6. Complaint under Article 1 of Protocol No. 1 to the
Convention
- The
applicant complained about a violation of his rights guaranteed by
Article 1 of Protocol No. 1 to the Convention.
- Although
the Government argued that the applicant's complaint under Article 1
of Protocol No. 1 to the Convention was manifestly ill- founded, the
Court considers that it raises questions of fact and law which are
sufficiently serious for its determination to depend on an
examination of its merits. No grounds for declaring it inadmissible
have been established. The Court therefore declares this complaint
admissible.
- In
accordance with its decision to apply Article 29 § 3 of the
Convention (see paragraph 4 above), the Court will now consider the
merits of the admissible complaint.
II. ALLEGED VIOLATION OF ARTICLE 1 OF PROTOCOL NO. 1 TO
THE CONVENTION
- The
applicant considered that the domestic courts' failure to award him
redundancy payments as clearly stipulated in the law had amounted to
a violation of Article 1 of Protocol No. 1 to the Convention.
- The
Government disagreed. They argued that the applicant had received his
salary and that no provisions had been made in the Cimişlia
Bureau's budget for redundancy payments. Moreover, the applicant had
not effectively worked during November and December 1999 and could
not therefore expect a salary for those months. In addition, he
received unemployment benefit during the six months following the
registration of his dismissal. Finally, the Government considered
that Article 1 of Protocol No. 1 to the Convention could not
apply to the present case because the relations between the applicant
and the Cimişlia Bureau were of a
labour-law nature.
- The
Court points out that Article 1 of Protocol No. 1 to the Convention
does not guarantee the right to acquire property (see Kopecký
v. Slovakia [GC], no. 44912/98, § 35, ECHR
2004 IX, and Van der Mussele v. Belgium, judgment of
23 November 1983, Series A no. 70, p. 23, § 48). Moreover, “an
applicant can allege a violation of Article 1 of Protocol No. 1 only
in so far as the impugned decisions related to his “possessions”

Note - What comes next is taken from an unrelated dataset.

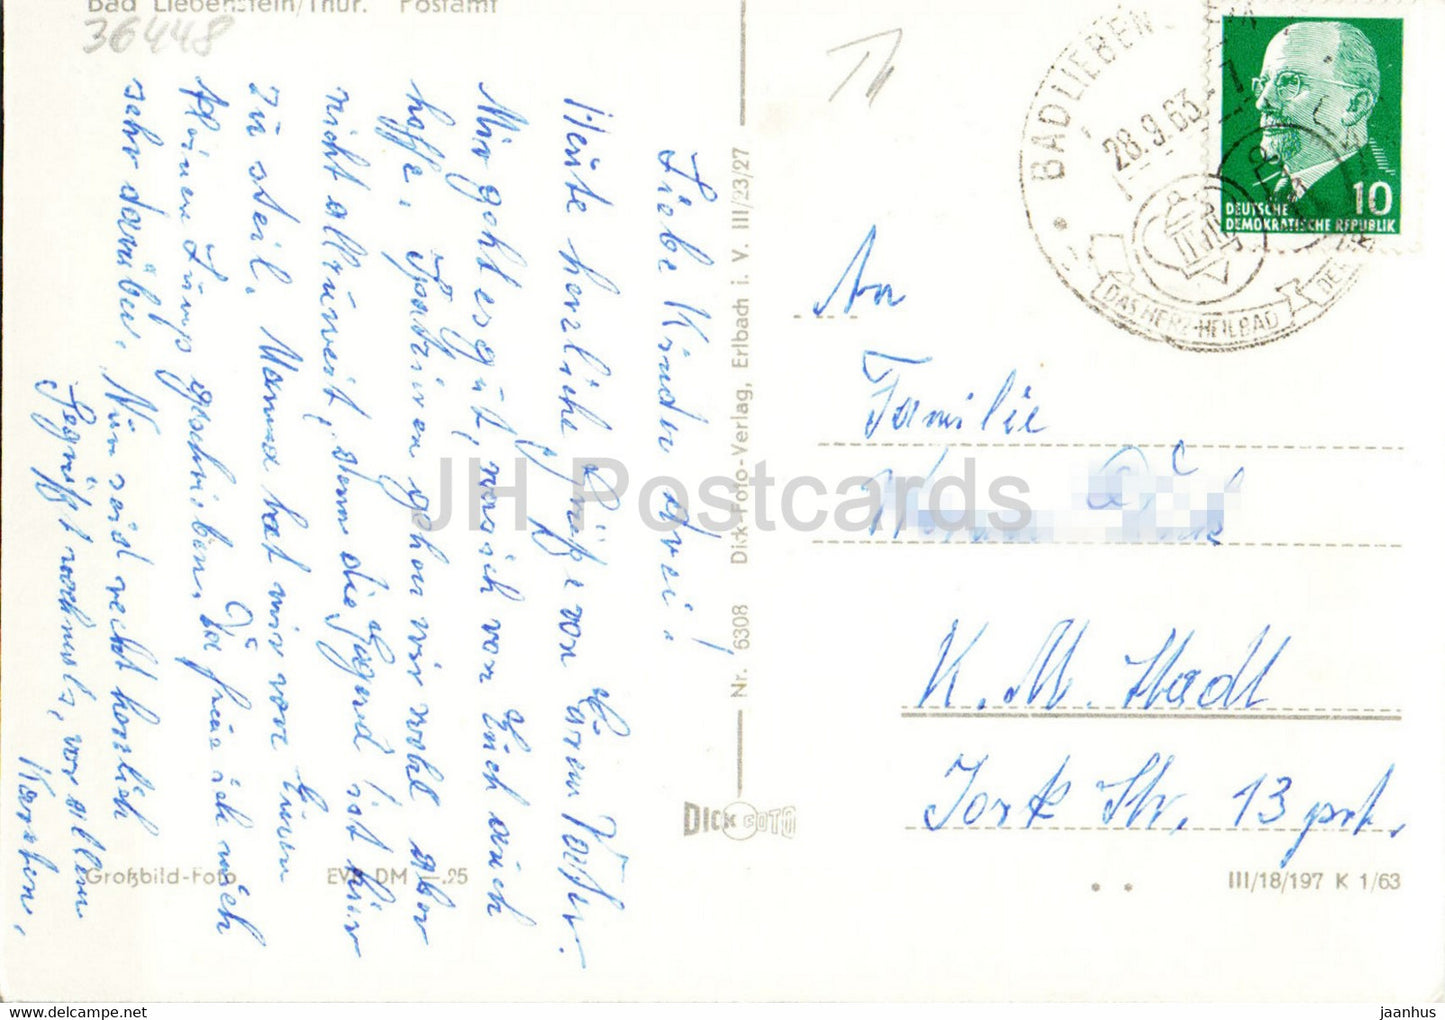 Bad Liebenstein - Postamt - Postamt - Auto - alte Postkarte - 1963 - Deutschland DDR - gebraucht
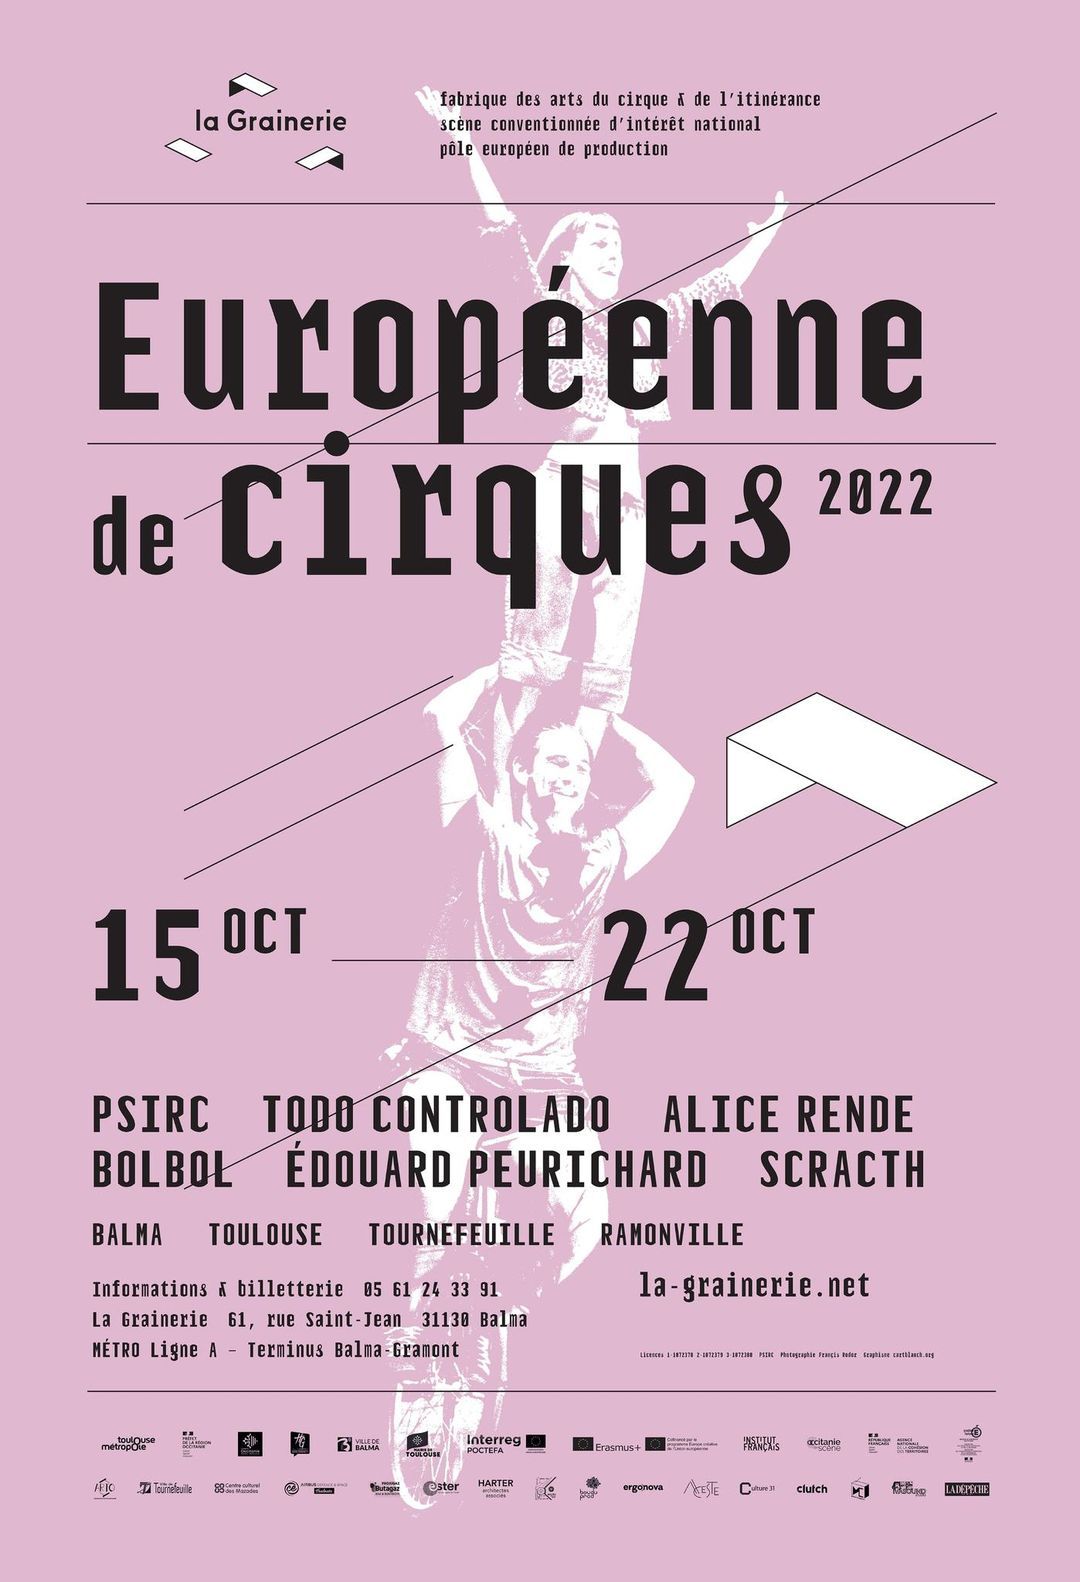 La Grainerie - Européenne de Cirques 2022

within the meaning of this provision. “Possessions” can
be either “existing possessions” or assets, including
claims, in respect of which the applicant can argue that he or she
has at least a “legitimate expectation” of obtaining
effective enjoyment of a property right. By way of contrast, the hope
of recognition of a property right which it has been impossible to
exercise effectively cannot be considered a “possession”
within the meaning of Article 1 of Protocol No. 1, nor can a
conditional claim which lapses as a result of the non-fulfilment of
the condition” (see Kopecký , cited above,
§ 35; Prince Hans-Adam II of Liechtenstein v. Germany
[GC], no. 42527/98, §§ 82-83, ECHR 2001-VIII; and
Gratzinger and Gratzingerova v. the Czech Republic (dec.)
[GC], no. 39794/98, § 69, ECHR 2002-VII).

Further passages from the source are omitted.